Four of the five members of the Commonwealth Healthcare Corp. board were dismayed yesterday over what they described as the continued failure of corporation CEO Esther Muña to work with them.
CHCC board chair Joaquin Torres, vice chair Pete Dela Cruz, and trustees Philip Mendiola-Long and Roy Rios criticized the absence of Muña, acting CFO Cora Ada, and director for Medical Affairs Dr. Sherleen Osman from yesterday’s board meeting. The three were marked as “absent.”
The agenda for yesterday’s meeting included a host of items, mostly reports due from management. Among these are the updates on finances, line of credit, unpaid obligations to vendors, and hiring updates.
But to the disappointment of the four board members, Muña opted not to participate in the meeting and requests for her to send representatives were ignored.
“A lot of these reports have been requested for over several months and I am quite disappointed with the continuing failure to produce these reports, which are important information in order for the board to provide proper advice,” said Torres.
Vice chair Dela Cruz said that by the looks of it, there’s no sense of urgency on the part of management to resolve issues at the hospital.
Mendiola-Long said the issue of both the Commonwealth Utilities Corp. and Marianas Public Land Trust are on the “verge of collapse” and warrant immediate action. Without the necessary information from the CEO, there’s nothing the board can do to help find a proper solution, he added.
CUC earlier threatened to disconnect power from the hospital’s non-essential services if it fails to pay in full its monthly billing by June 30.
On the MPLT issue, it was disclosed yesterday that the corporation can’t drawdown from its $4 million line of credit with MPLT until it hires a CFO.
Without pertinent information, Mendiola-Long said “it is almost impossible for us to have strategic planning, much less a budget, if we can’t even create the foundation. We need to make sure the foundation is strong and in order for us to do that, it’s either the CEO coming to us with solution [or] have [the board] offer those solutions for her because that’s our role as an advisory board.”
Mendiola-Long said each trustee was appointed because of their management skills that could help the health agency manage its operations. But without the cooperation of the CEO, there continues to be a disconnect in the organization.
“My point is, it’s glaringly quiet. We see issues on CUC, MPLT, personnel, lawsuits, labor issues…but nothing is being communicated to us in a forward-moving motion,” he added.

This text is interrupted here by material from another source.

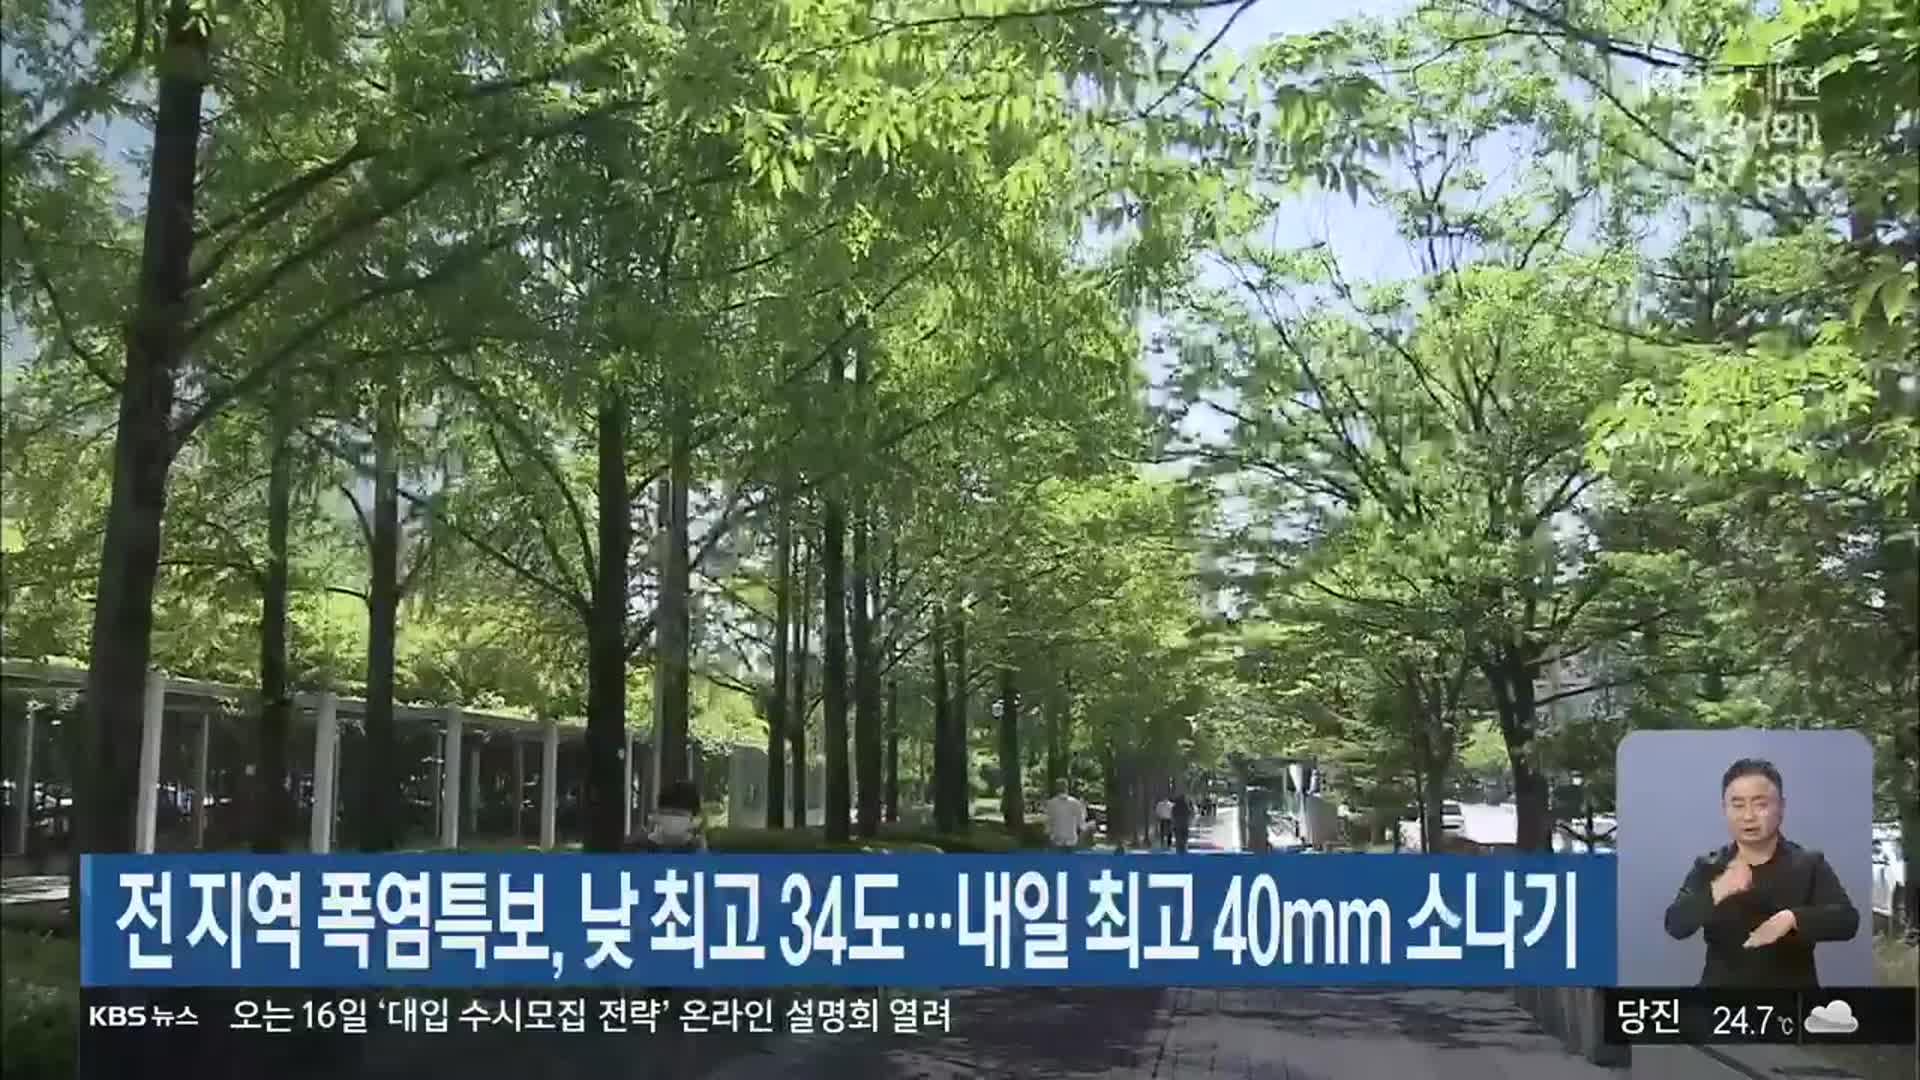 대전·세종·충남 전 지역 폭염특보, 낮 최고 34도…내일 최고 40mm 소나기

Mendiola-Long further expressed frustration over management’s inaction on one issue that, for so long, should have already been addressed.
“I’ve been on the board for three months and we haven’t hired a CFO? It doesn’t make sense to me and I am just blown away by that. On top of that, CUC has come in and given us an ultimatum and we haven’t been called to a meeting to see how we can help,” he said, adding that he gets to know about specific issues only through the media.
The board, he said, needs someone to help through the “process.”
“The process is the critical component here. However, even if we go through the process, if the CEO just determines whether she wants to invoke it or not…what’s the use of the process? I am really confused on what our role is and what we’re supposed to do here. I feel like it’s just saying, ‘Shut up until you are asked for your opinion here,’” added Mendiola-Long on the role of the advisory board.
He admitted that he had plans of resigning as a trustee.
“I just got off the phone with the AG and I basically said I am not comfortable here anymore. I am to the point of resigning…that’s how bad this is here. I was being asked to hold a fiduciary role yet I am serving with members that say they have no decision-making authority in the process. The only reason I continue to stay on is because I see how bad it is and I know I can contribute something,” he said.